DATA EXTRACTS:
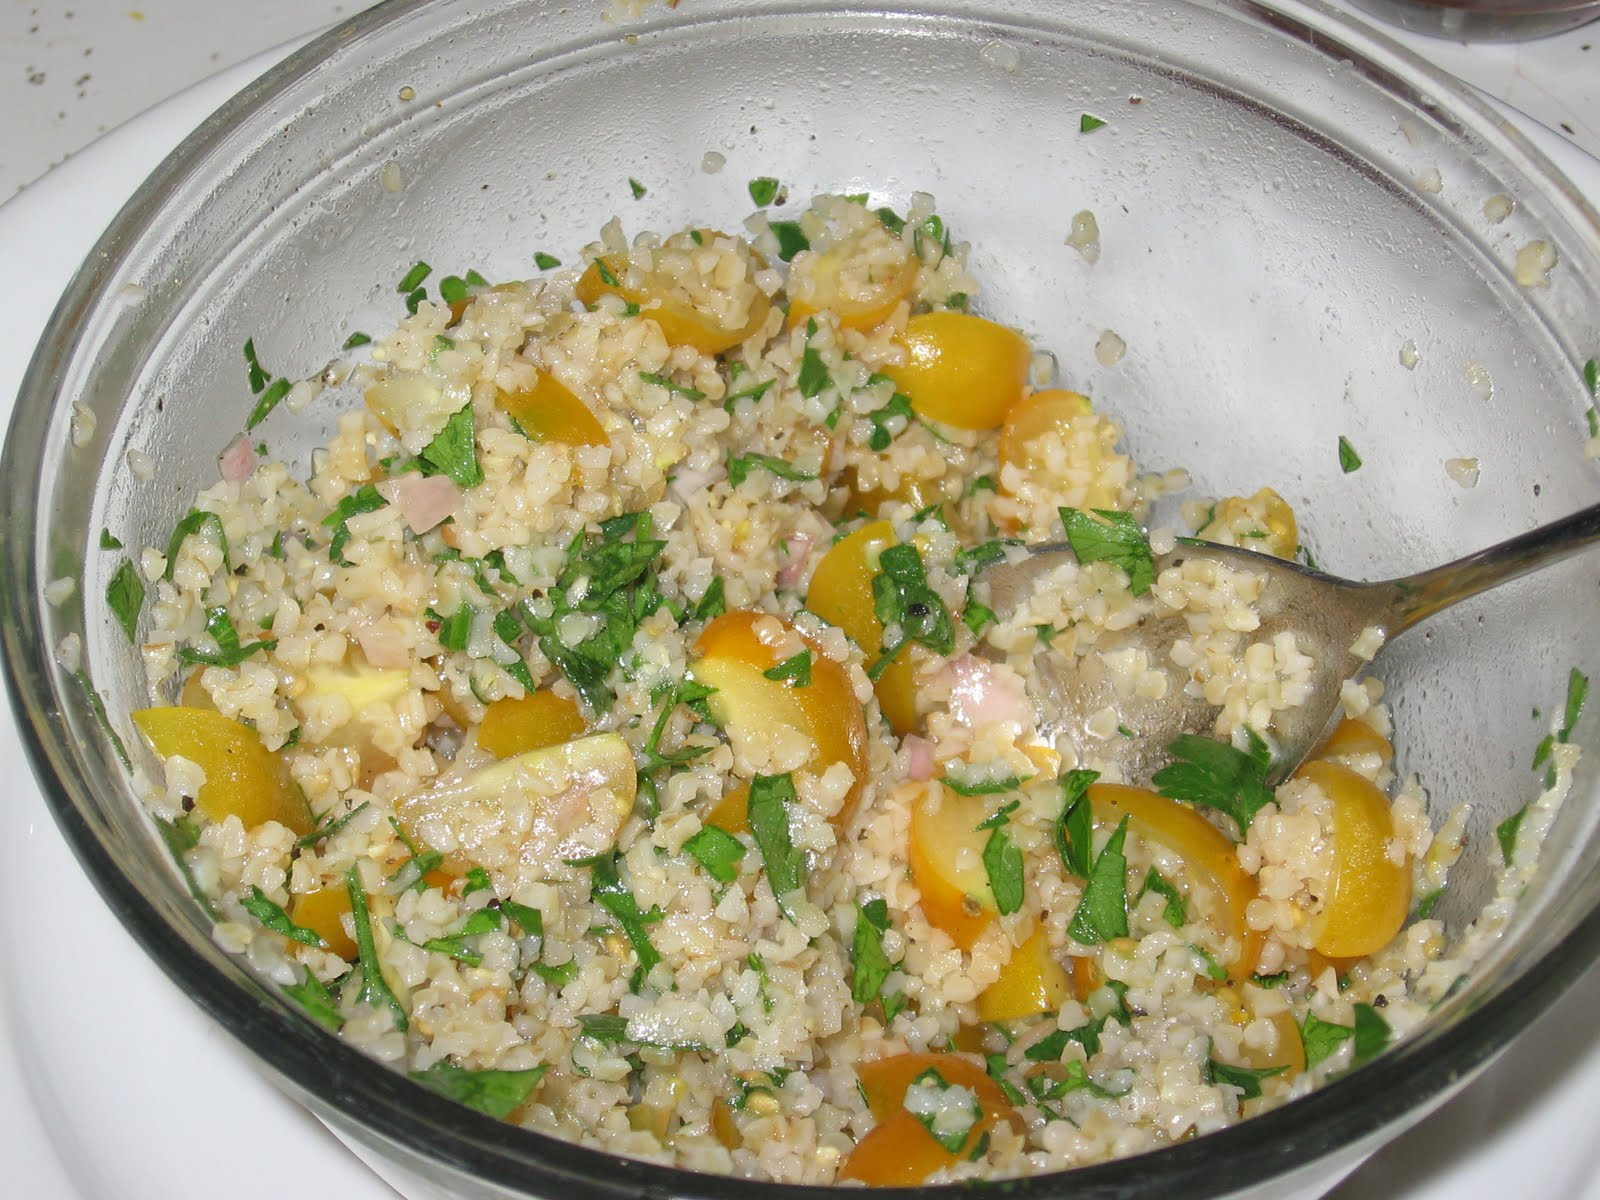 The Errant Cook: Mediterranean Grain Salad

==

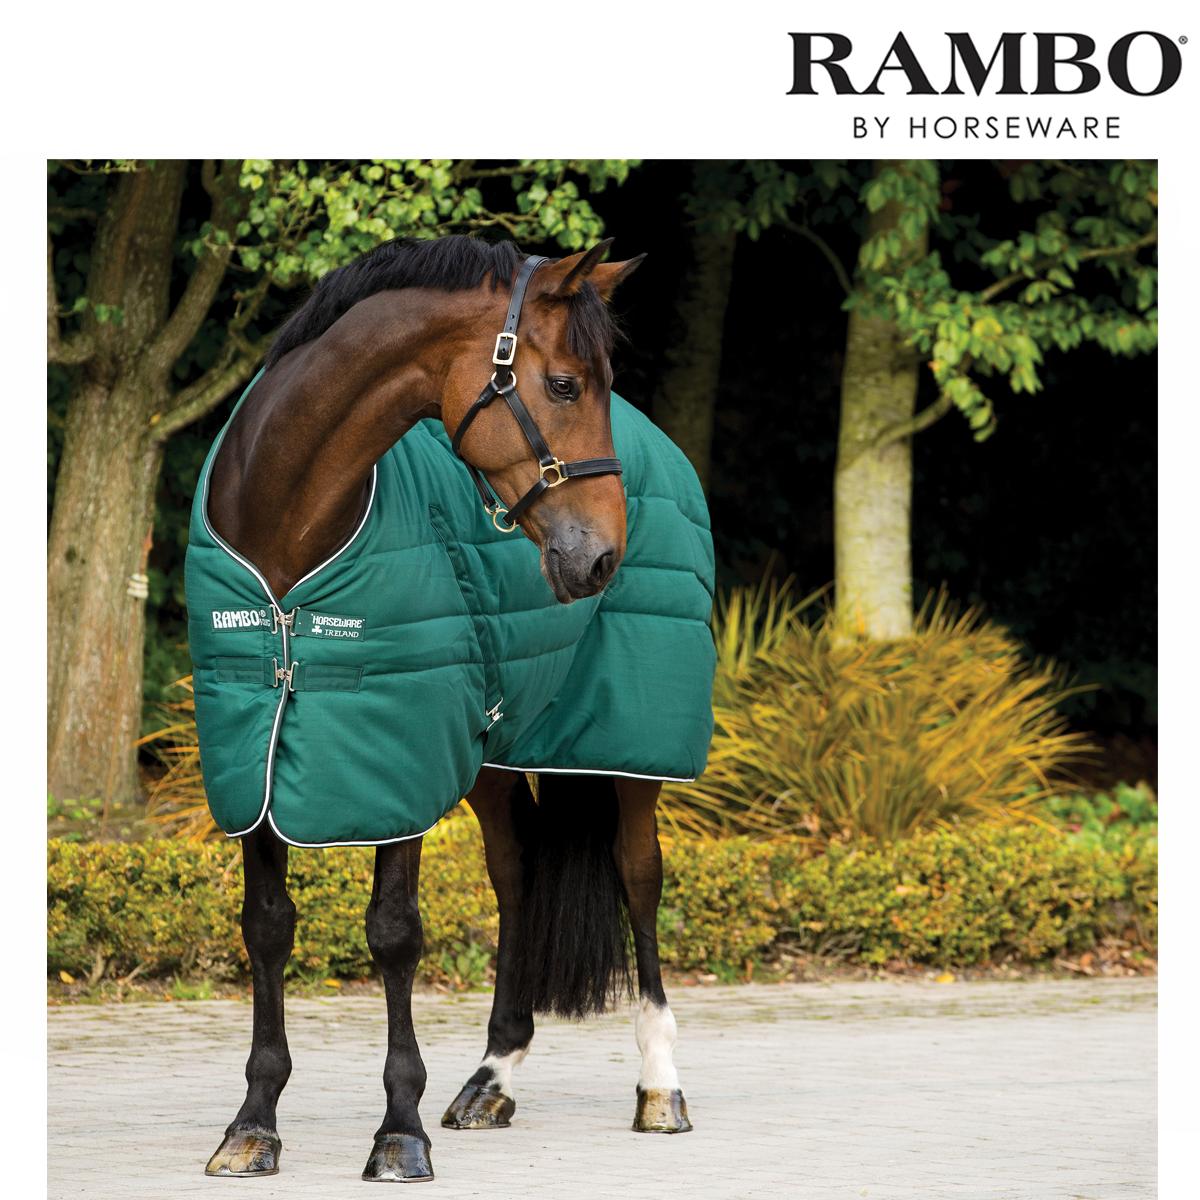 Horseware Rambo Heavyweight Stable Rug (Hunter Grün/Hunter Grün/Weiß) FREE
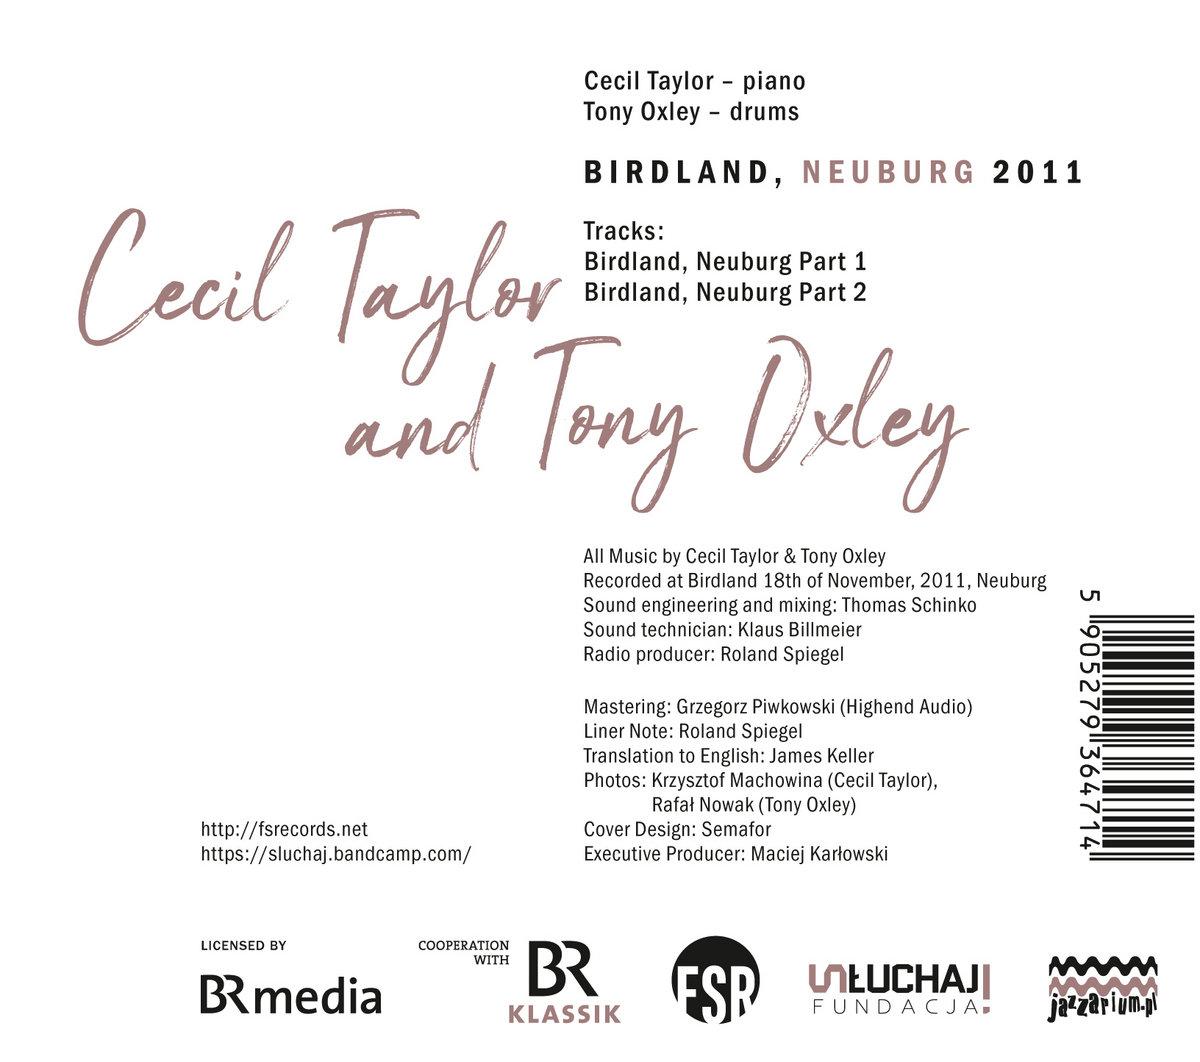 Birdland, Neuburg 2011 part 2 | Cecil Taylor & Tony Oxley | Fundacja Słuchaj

REQUIRED ACTION: Repeat only the stretch of data above that runs from the line with "Horseware Rambo Heavyweight" to the line with "Birdland, Neuburg 2011". Keep both end lines; exclude pictures.

COMPLETED EXERCISE:
 Horseware Rambo Heavyweight Stable Rug (Hunter Grün/Hunter Grün/Weiß) FREE
 Birdland, Neuburg 2011 part 2 | Cecil Taylor & Tony Oxley | Fundacja Słuchaj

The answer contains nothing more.